Provided data:
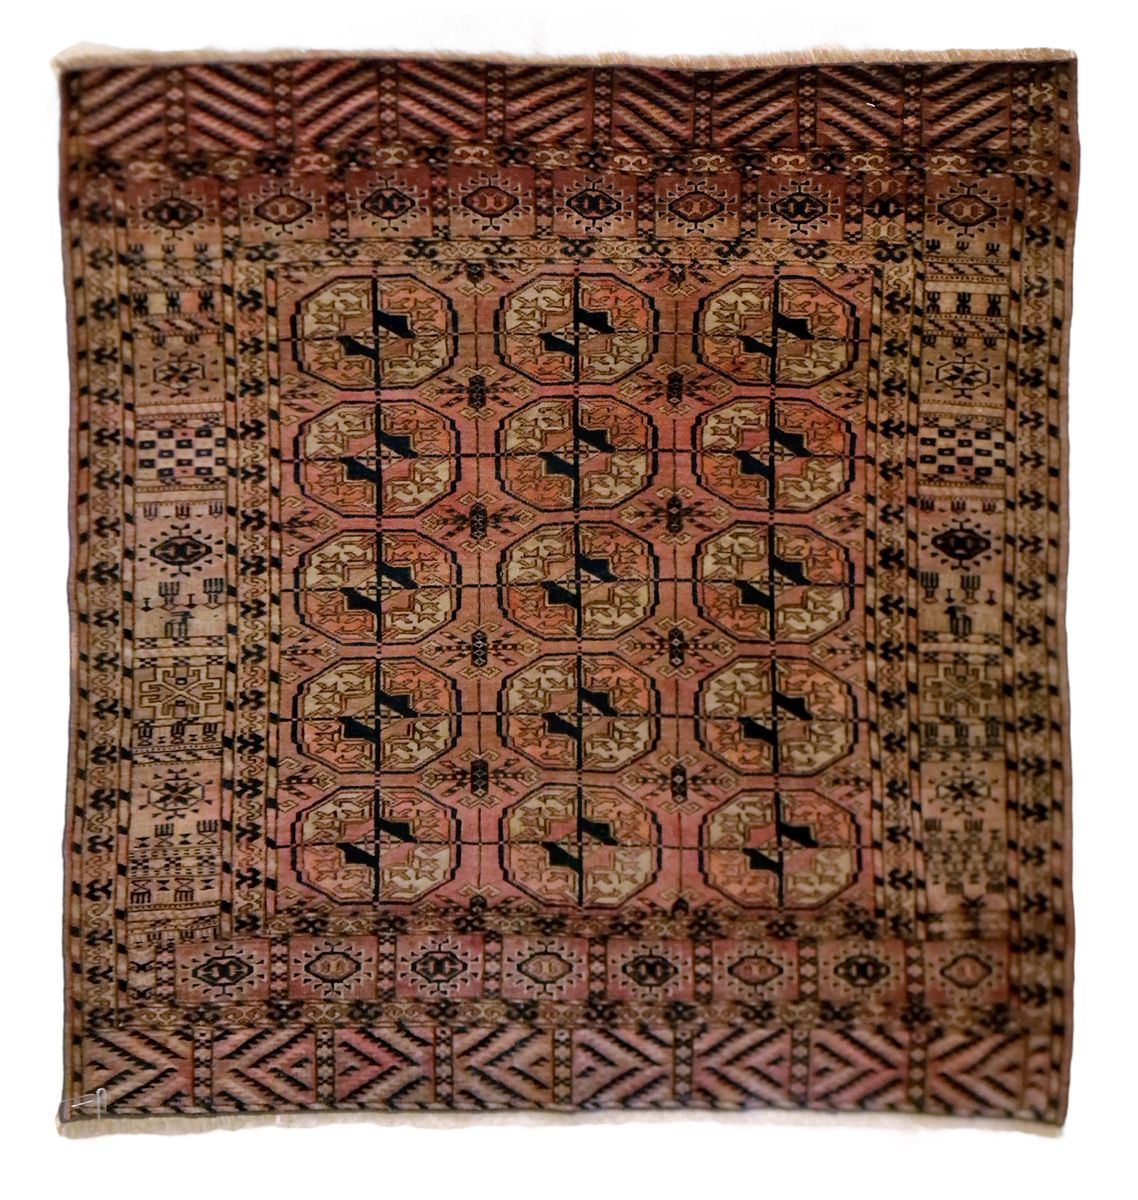 TAPIS YAMUT-BOUKHARA 几何装饰，状况良好。
尺寸：100 x 115厘米

A.Yamut Bukhara地毯，状况良好。
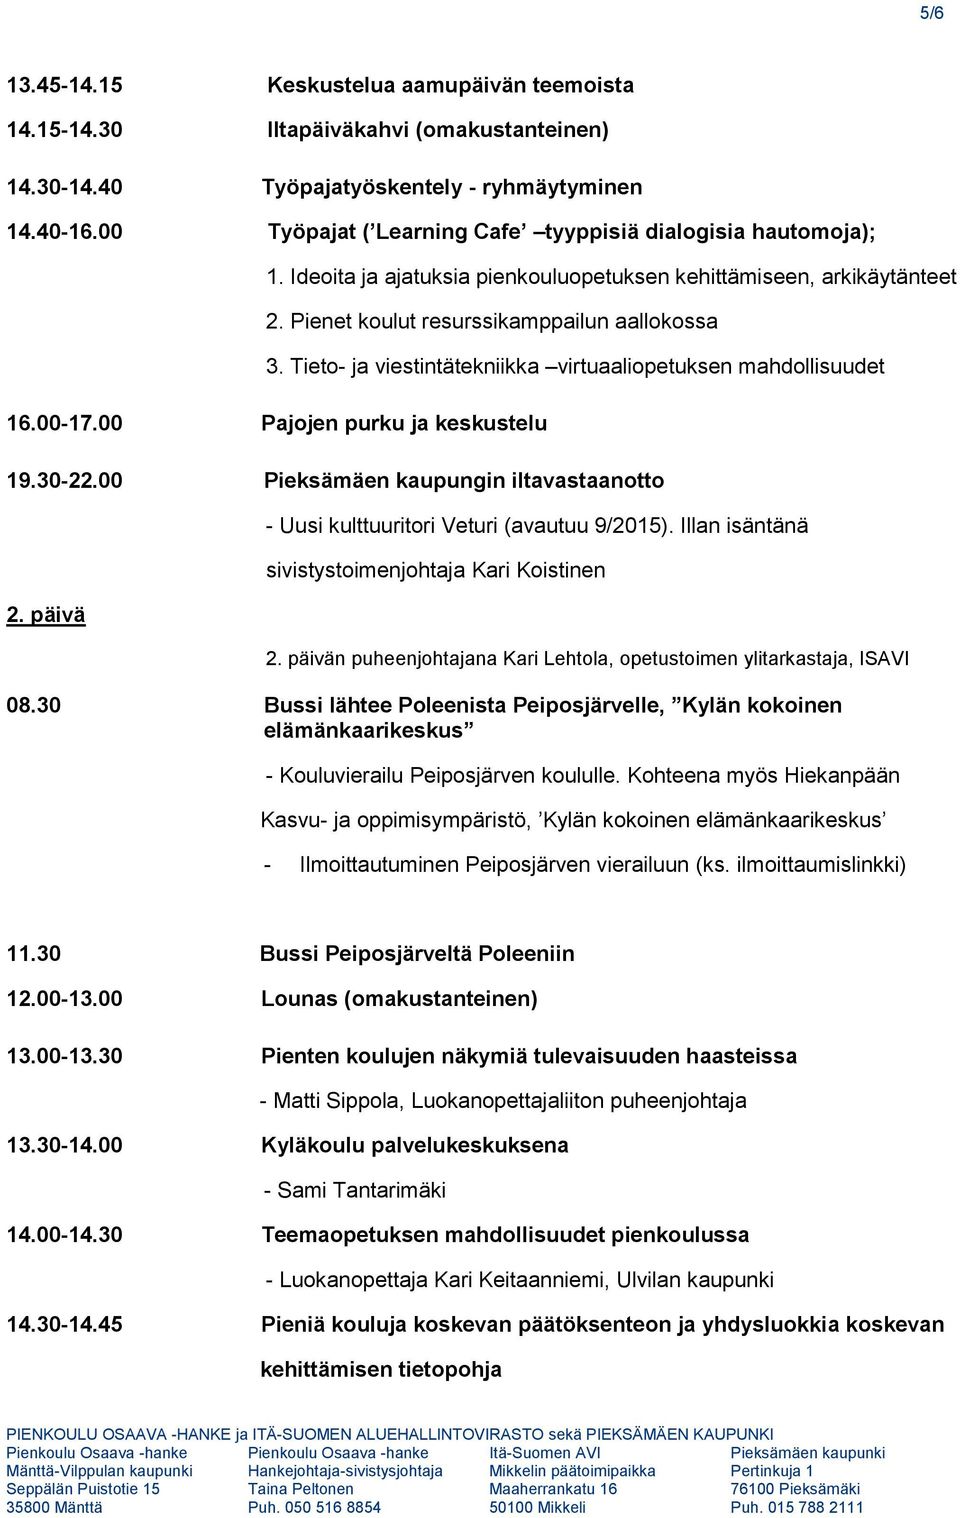 Tieto- ja viestintätekniikka virtuaaliopetuksen mahdollisuudet 16.00-17.00 Pajojen purku ja keskustelu 19.30-22.00 Pieksämäen kaupungin iltavastaanotto 2.

What to do:
No pictures go in the copy. Output exactly the lines from the line containing "A.Yamut Bukhara地毯，状况良好。" through the end of the listing above.

Answer below:
A.Yamut Bukhara地毯，状况良好。
 Tieto- ja viestintätekniikka virtuaaliopetuksen mahdollisuudet 16.00-17.00 Pajojen purku ja keskustelu 19.30-22.00 Pieksämäen kaupungin iltavastaanotto 2.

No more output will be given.